Pigmented villonodular synovitis, whose radiographic and MRI findings are very similar to those of hemophilia, but only 1 joint is affected. 4
Intravenous administration of the missing coagulation factor is the gold standard for preventing hemorrhage and haemophilic arthropathy. 6
Recurrent haemarthrosis leads to the progression of a degenerative and irreversible process.
Limitations of Our Study
Several radiological scores have been established as part of monitoring and evaluation in haemophilic arthropathy and MRI remains the most accurate diagnostic standard for assessing soft tissue changes at an early stage. We were unable to evaluate the radiological score in our study.
Conclusion
Hemophilia is a rare disease. It can give rise to serious osteoarticular complications secondary to repeated hemarthrosis linked to coagulation factor deficiency. These lesions are manifested by synovial, cartilaginous, and bony changes. Numerous studies have shown the predominance of ultrasonography, but MRI is the standard reference modality for assessing arthropathy and diagnosing the musculoskeletal complications of hemophilia. The knee is the joint most frequently affected by hemophilic arthropathy, and represents a major morbidity factor in these patients.
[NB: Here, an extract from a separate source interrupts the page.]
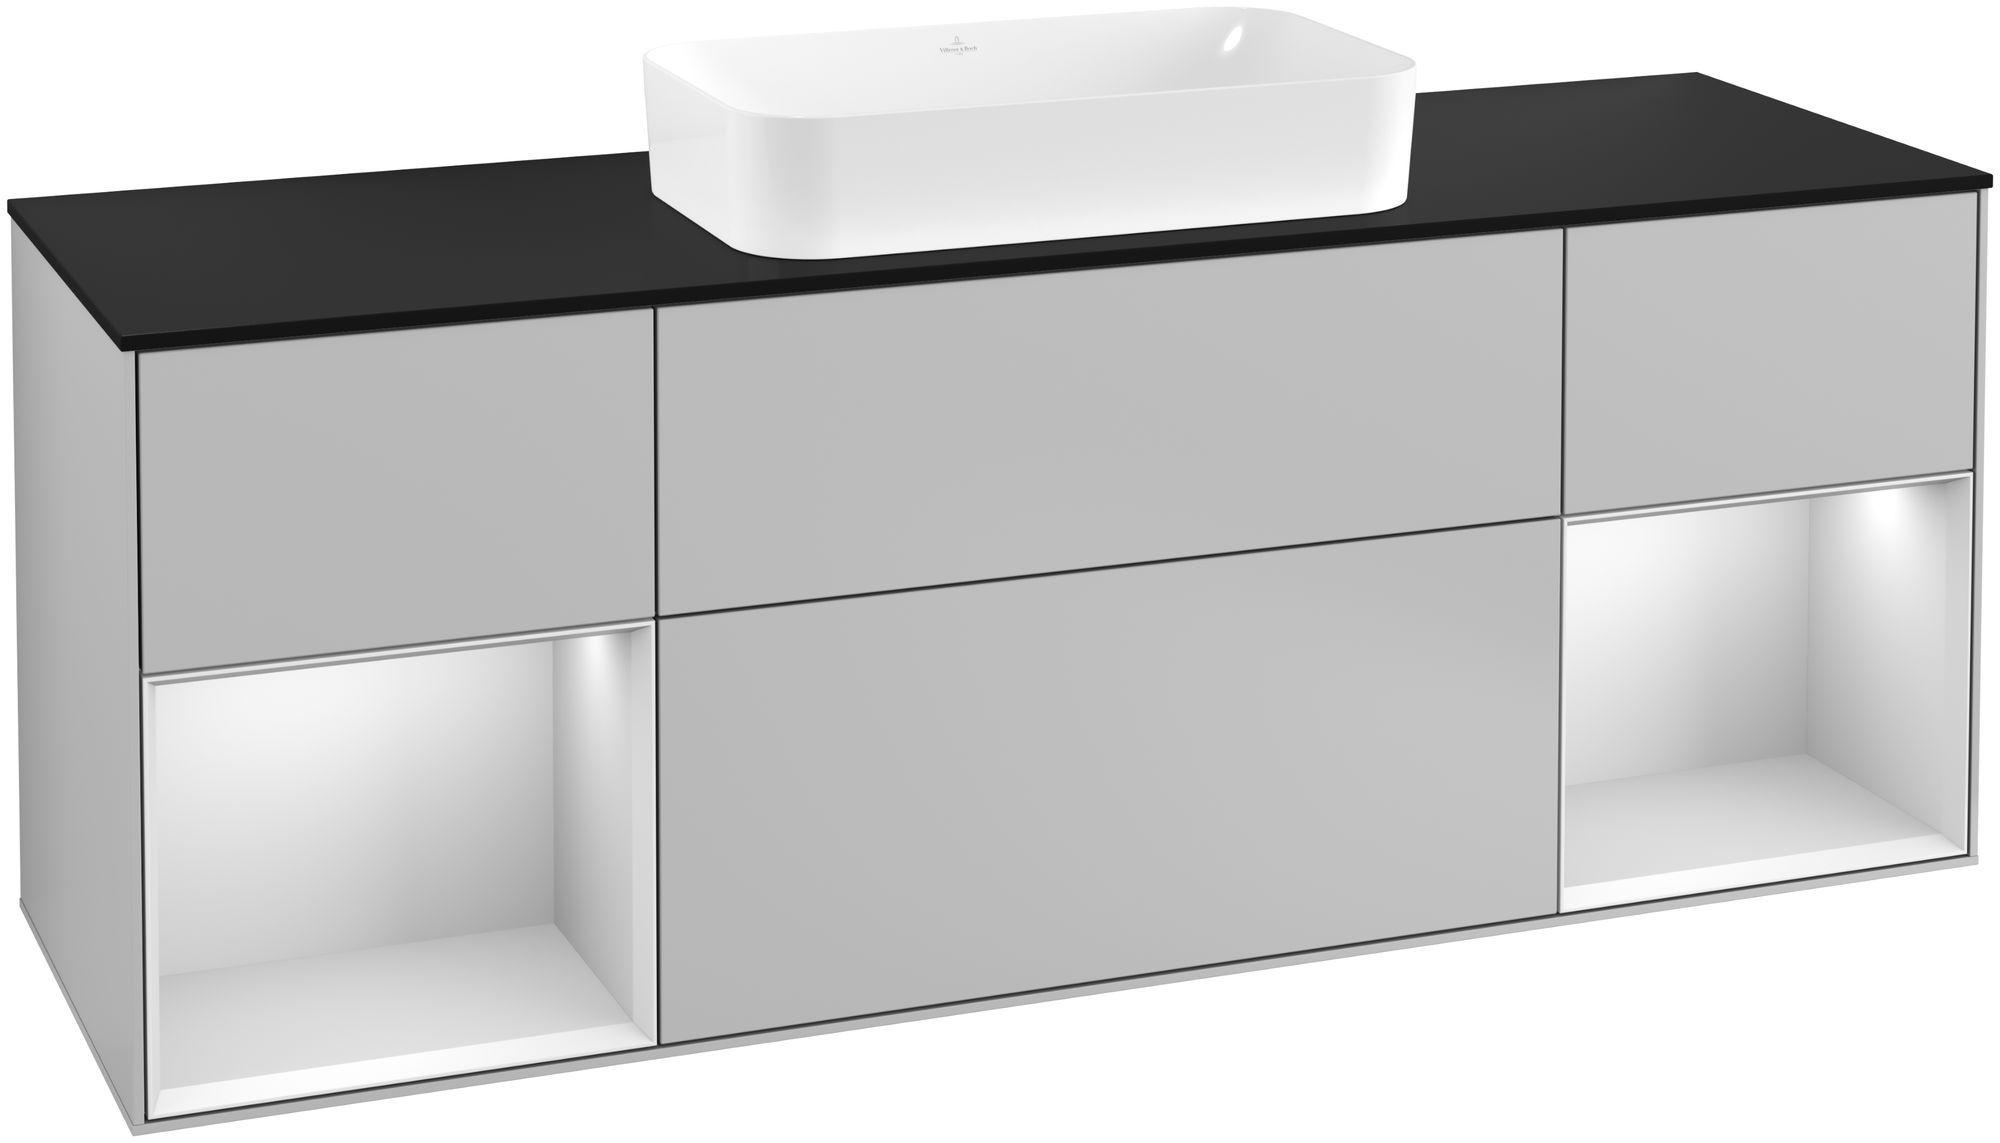 Villeroy & Boch Finion F33 Waschtischunterschrank mit Regalelement 4 Auszüge Waschtisch mittig LED-Beleuchtung B:160xH:60,3xT:50,1cm Front, Korpus: Light Grey Matt, Regal: Weiß Matt Soft Grey, Glasplatte: Black Matt F332MTGJ

Repeated joint bleeding causes damage to bone, cartilage and synovium, inducing inflammatory and degenerative processes.
Footnotes
Acknowledgements
The authors thank his professors and colleagues who helped in the completion of this work.
Author Contributions
All authors contributed to the implementation and realization of this work. All authors declare that they have read and approved the final version of this manuscript
Declaration of Conflicting Interests
The author(s) declared no potential conflicts of interest with respect to the research, authorship, and/or publication of this article.
Funding
The author(s) received no financial support for the research, authorship, and/or publication of this article.
Ethics Approval
Our institution does not require ethical approval for reporting individual cases or case series.
Informed Consent
Written informed consent was obtained from a legally authorized representative for anonymized patient information to be published in this article.